The lbann Python package is installed as part of the LBANN build process. If you used the build_lbann.sh script for installation or installed in a Spack environment, you will need to activate the Spack LBANN environment:

spack env activate -p lbann

Basic usage

A typical workflow involves the following steps:

Configuring a Trainer.
Configuring LBANN model components (like the graph of Layer s) and creating a Model.

Classes for model components are automatically generated from the LBANN Protobuf specifications in lbann/src/proto. These files are currently the best source of documentation. Message fields in the Protobuf specification are optional keyword arguments for the corresponding Python class constructor. If a keyword argument is not provided, it is logically zero (e.g. false for Boolean fields and empty for string fields)

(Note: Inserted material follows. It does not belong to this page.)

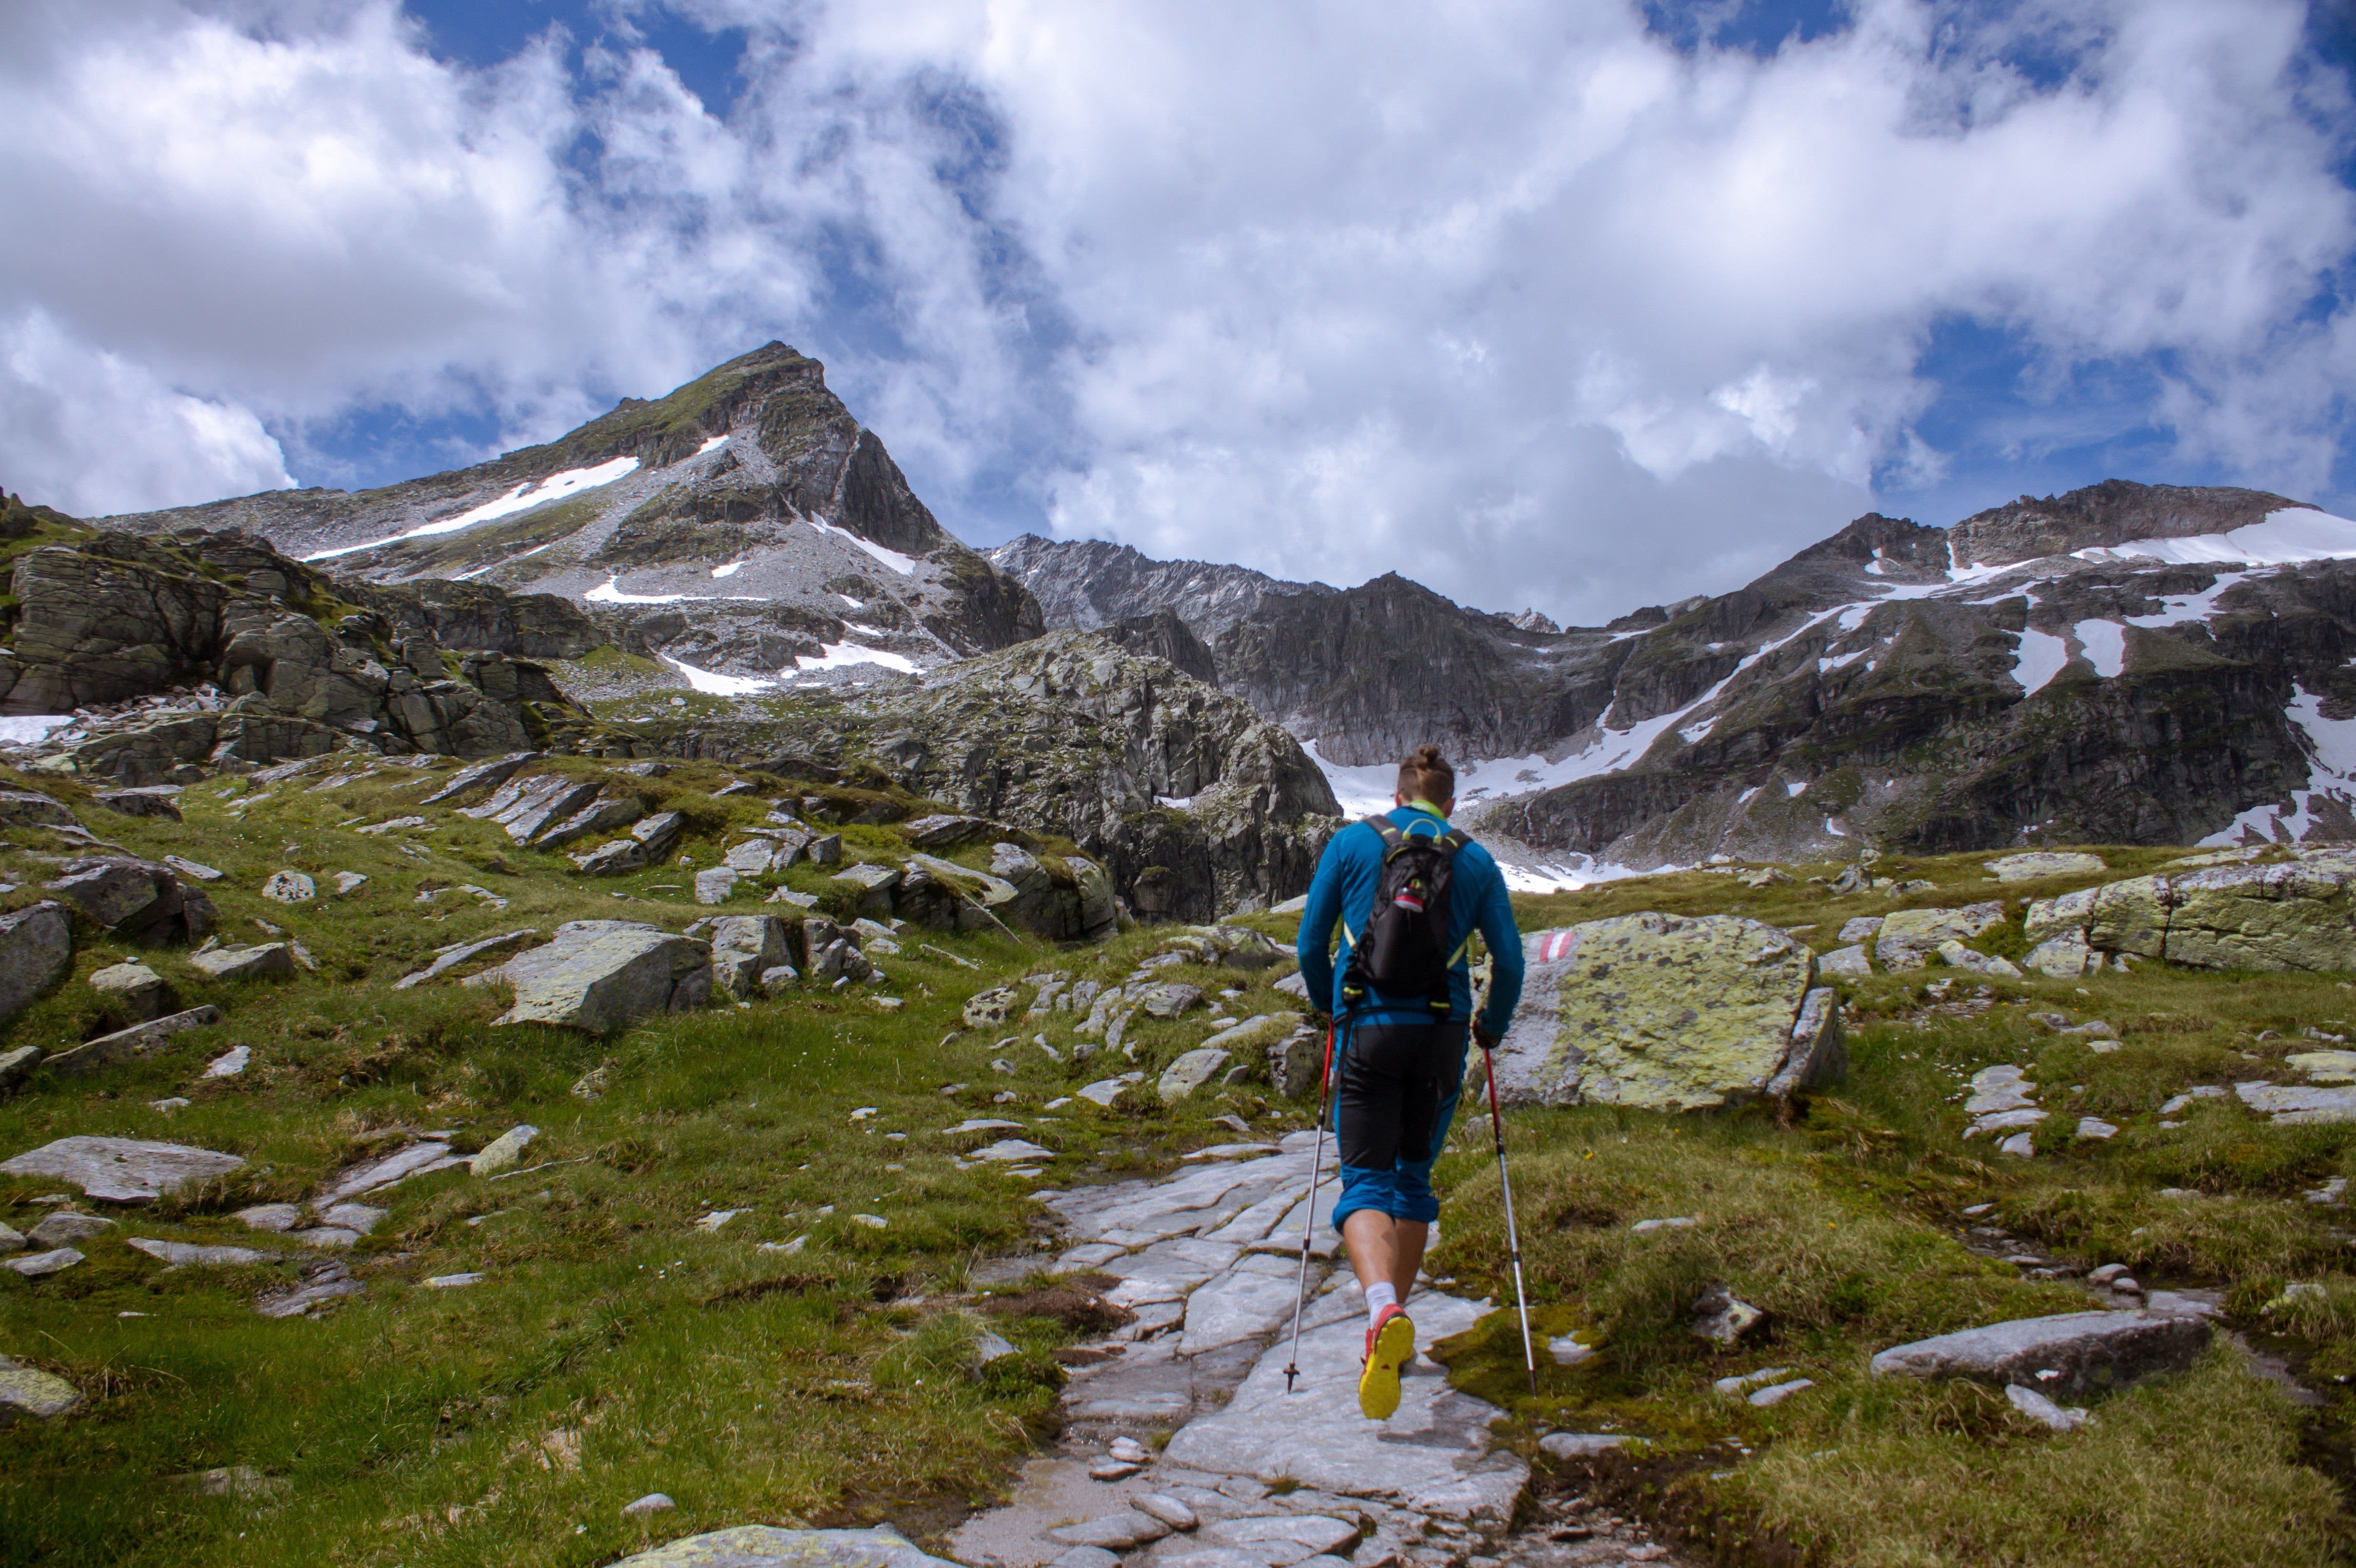 backcountry essentials trekking poles

Configuring the default Optimizer to be used by the Weights objects.
Loading in a Protobuf text file describing the data reader.
- The Python frontend currently does not have good support for specifying data readers. If any data reader properties need to be set programmatically, the user must do it directly via the Protobuf Python API.
Launching LBANN by calling run.
- lbann.run should be run from a compute node. If a node allocation is not available, the batch_job option can be set to submit a batch job to the scheduler.
- A timestamped work directory will be created each time LBANN is run. The default location of these work directories can be set with the environment variable LBANN_EXPERIMENT_DIR.
- Supported job managers are Slurm and LSF.
- LLNL users and collaborators may prefer to use lbann.contrib.launcher.run. This is similar to lbann.run, with defaults and optimizations for certain systems.

A simple example

import lbann

# ----------------------------------
# Construct layer graph
# ----------------------------------

# Input data
image = lbann.Input(data_field="samples")
label = lbann.Input(data_field="labels")

# Softmax classifier
y = lbann.FullyConnected(image, num_neurons = 10, has_bias = True)
pred = lbann.Softmax(y)

# Loss function and accuracy
loss = lbann.CrossEntropy([pred, label])
acc = lbann.CrossEntropy([pred, label])

# ----------------------------------
# Setup experiment
# ----------------------------------

# Setup trainer
mini_batch_size = 64
trainer = lbann.Trainer(mini_batch_size)

# Setup model
num_epochs = 5
model = lbann.Model(num_epochs,
                    layers=lbann.traverse_layer_graph([image,label]),
                    objective_function=loss,
                    metrics=[lbann.Metric(acc, name='accuracy', unit='%')],
                    callbacks=[lbann.CallbackPrint(), lbann.CallbackTimer()])

# Setup optimizer
opt = lbann.SGD(learn_rate=0.01, momentum=0.9)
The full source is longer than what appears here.